Ciò che è importante, come nel caso delle archistar, è l’autore della scultura e ciò che esso rappresenta per i pochi che la hanno collocata sul mare; il consenso della cittadinanza non è necessario, ragion per cui se essa la voglia o no rimane del tutto ininfluente. Sui Social aspre polemiche e giudizi intransigenti piovono sull’assurda nuova collocazione del monumento m0linariano e non solo perché quest’ultima appare incoerente, indifferente, aliena, dal suo contesto, ma, anche, sui criteri di scelta che hanno reso possibile, senza alcun consenso popolare, posizionare un fermacarte del genere in un posto così bello.

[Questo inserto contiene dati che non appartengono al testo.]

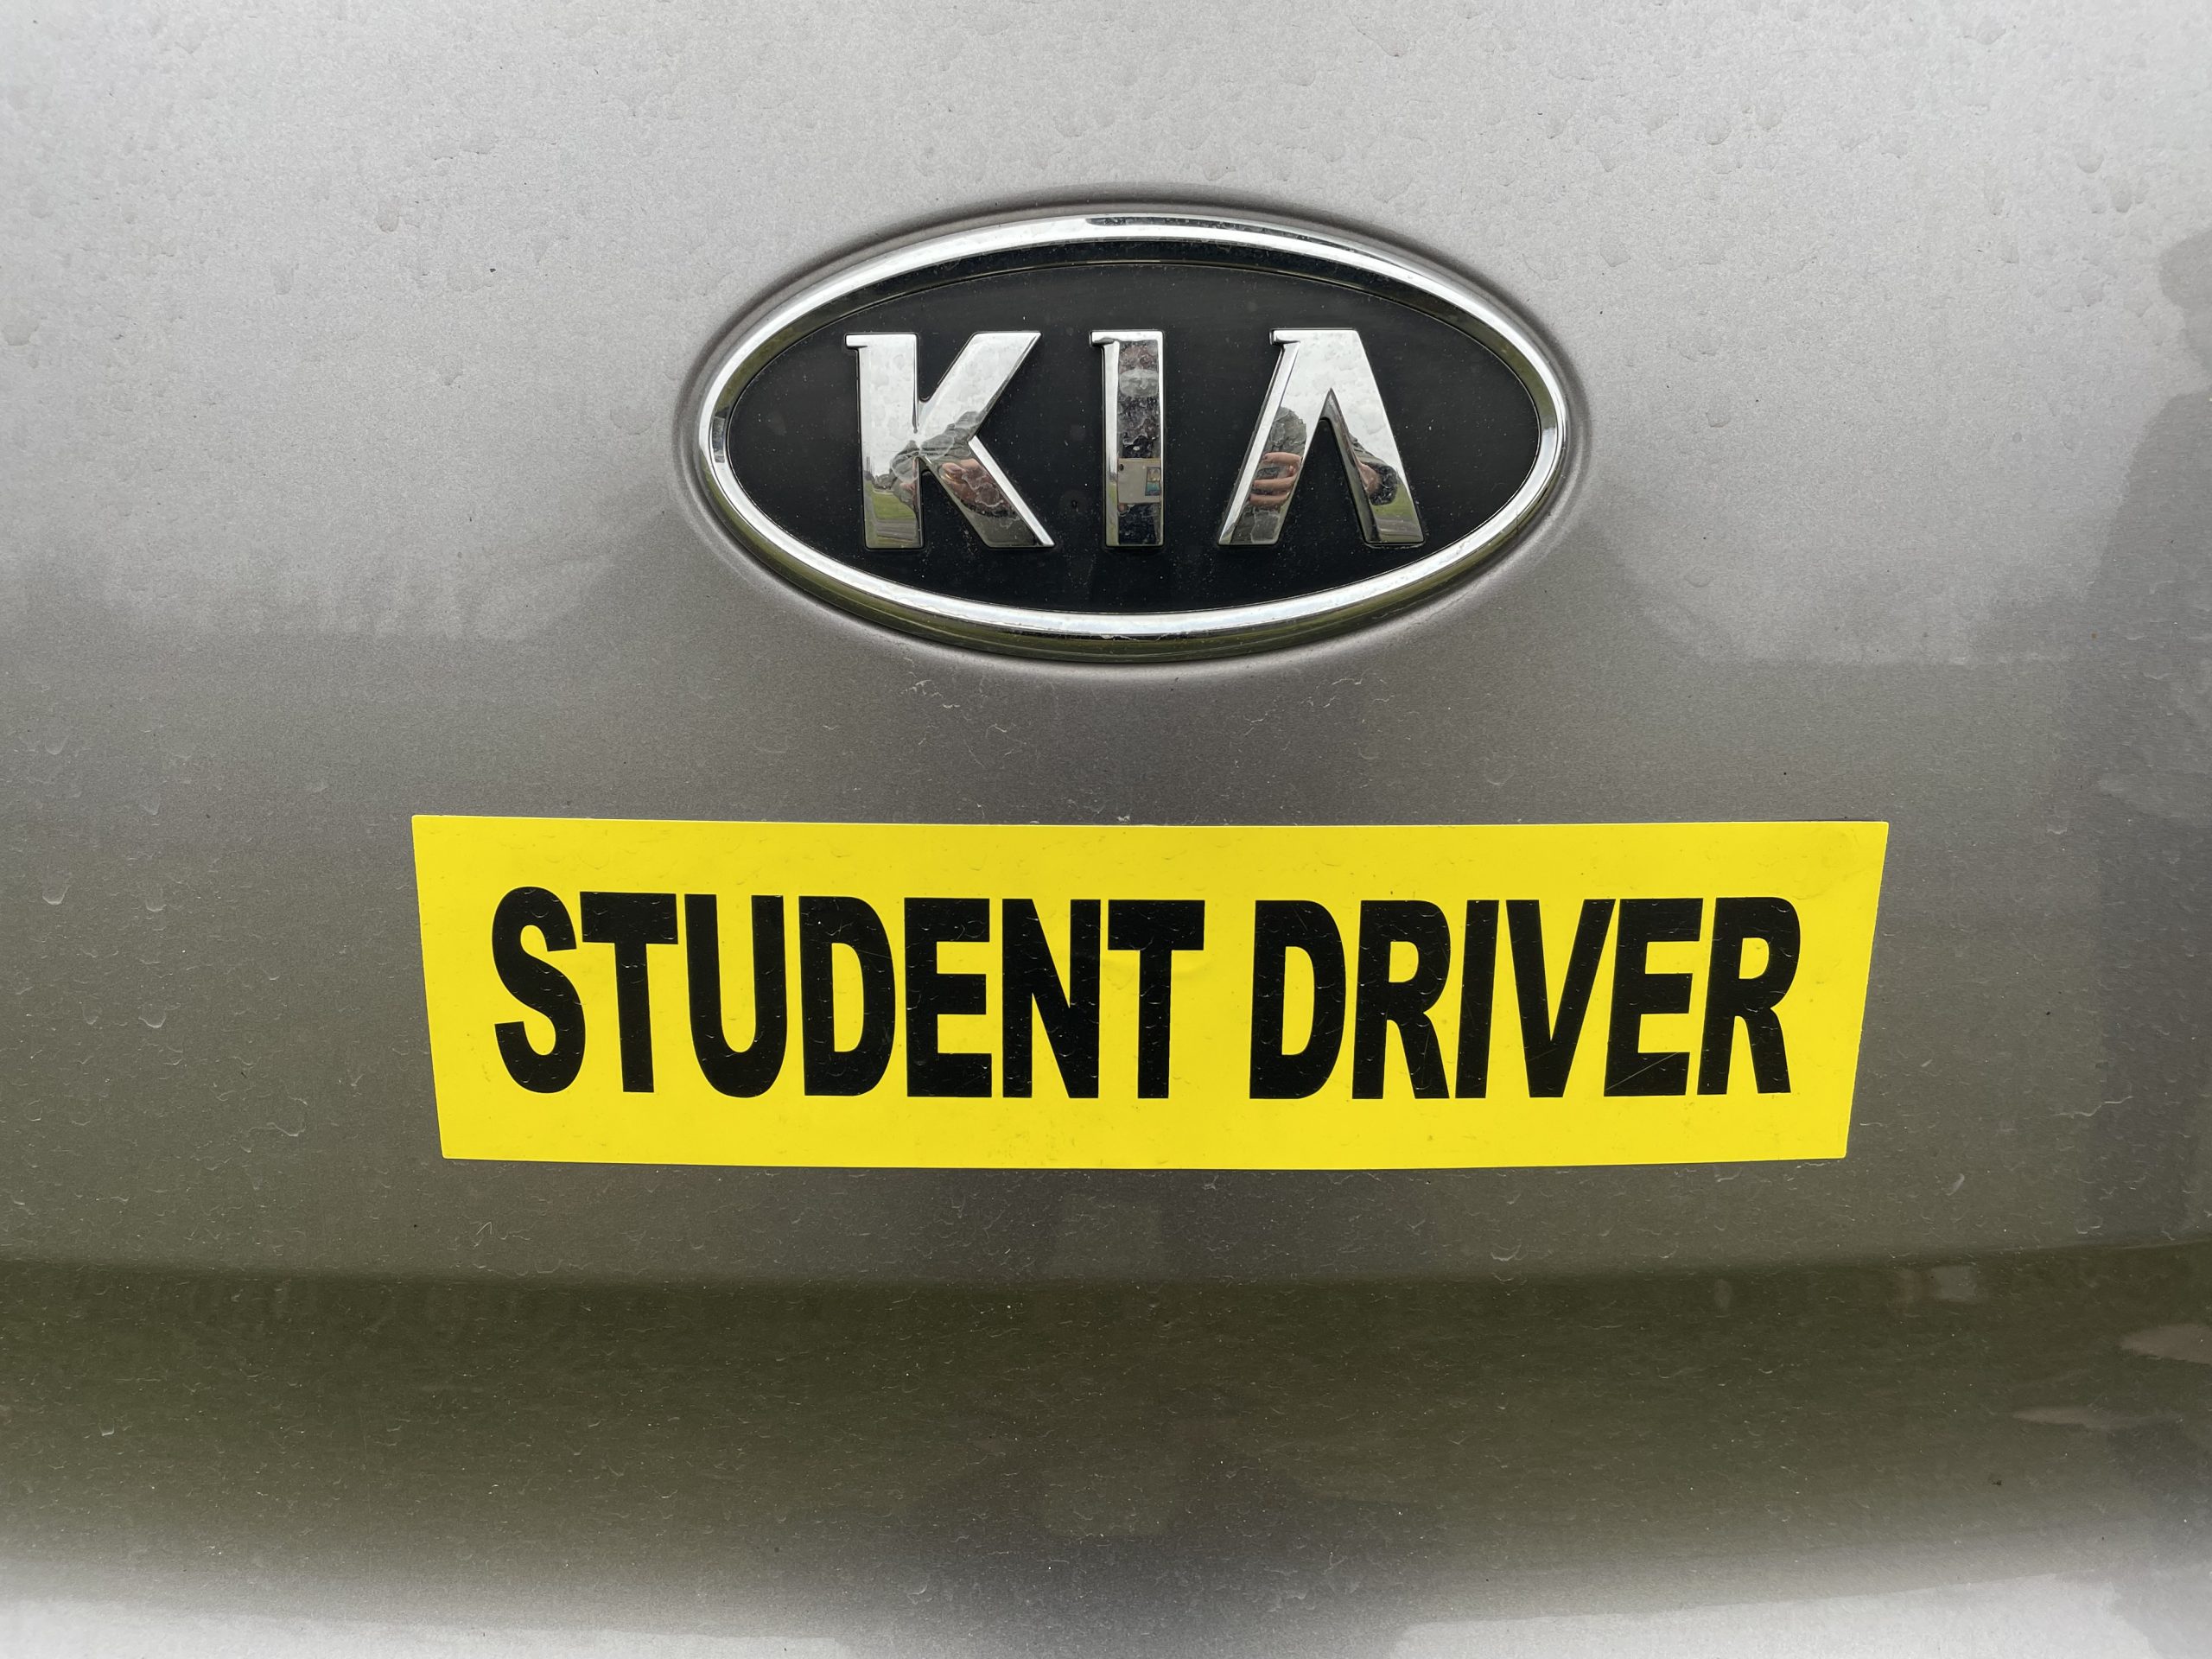 Bumper sticker that says "Student Driver" under a Kia car logo

Monumenti del genere, come fu per i greci, abbisognano, prima di tutto, di un consenso diffuso della città e soprattutto andrebbero progettati per la città e dalla città. Il monumento molinariano non dice nulla di Napoli, ancor di più della tragedia dei migranti, è totalmente aliena dal contesto e, come la sua stessa origine dimostra, è stata frutto di una cultura (quella piemontese) che non ha nulla da spartire con questi luoghi.

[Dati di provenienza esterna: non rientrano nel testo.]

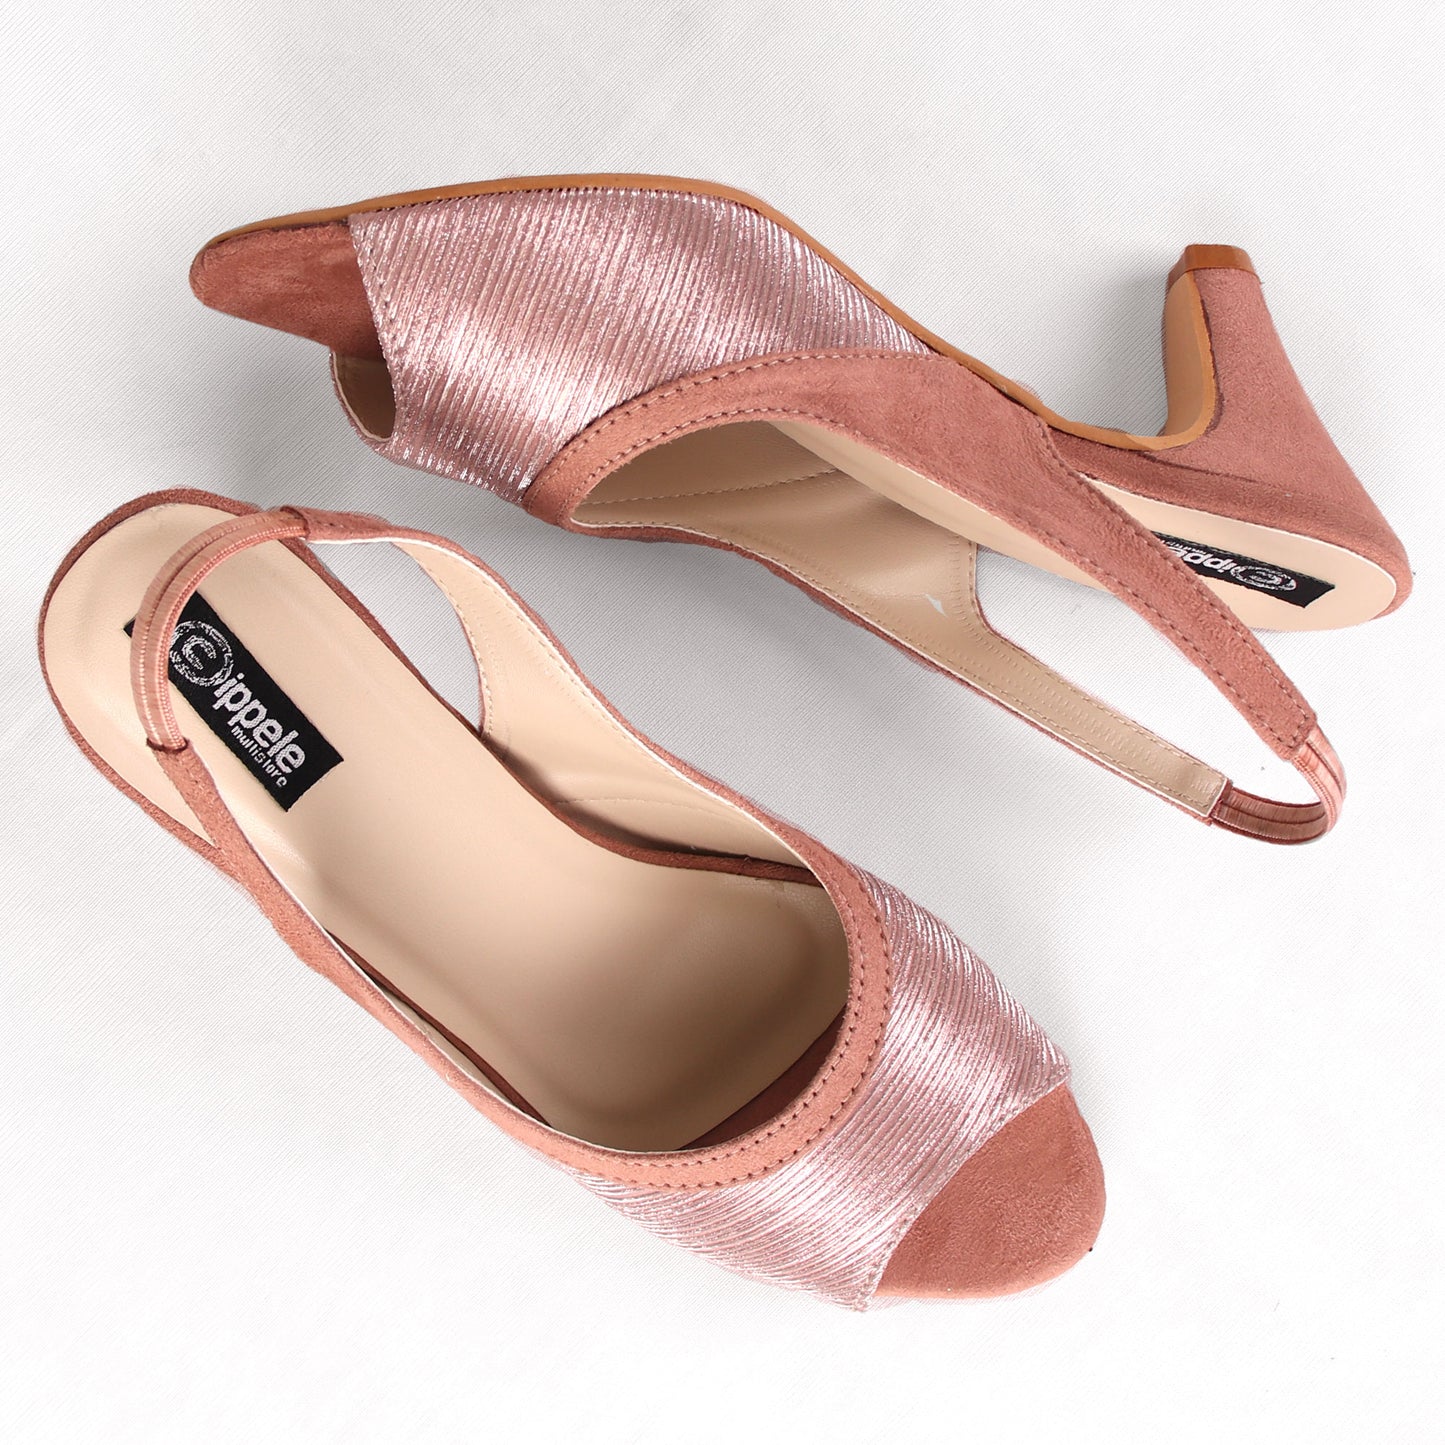 Foot Wear,The Artistic Scrub Heel in Rose Gold Pink - Cippele Multi Store

Come andrà a finire la questione? La Capitaneria di porto si farà forte del principio di autorità e dell’ipse dixit di qualche fallito critico d’arte oggi in voga o si aprirà al volere dei napoletani? L’enorme parafulmine molinariano verrà rimosso dal piazzale o rimarrà dov’è, a ricordare come il potere e il buon gusto si sia allontanato dalla società civile?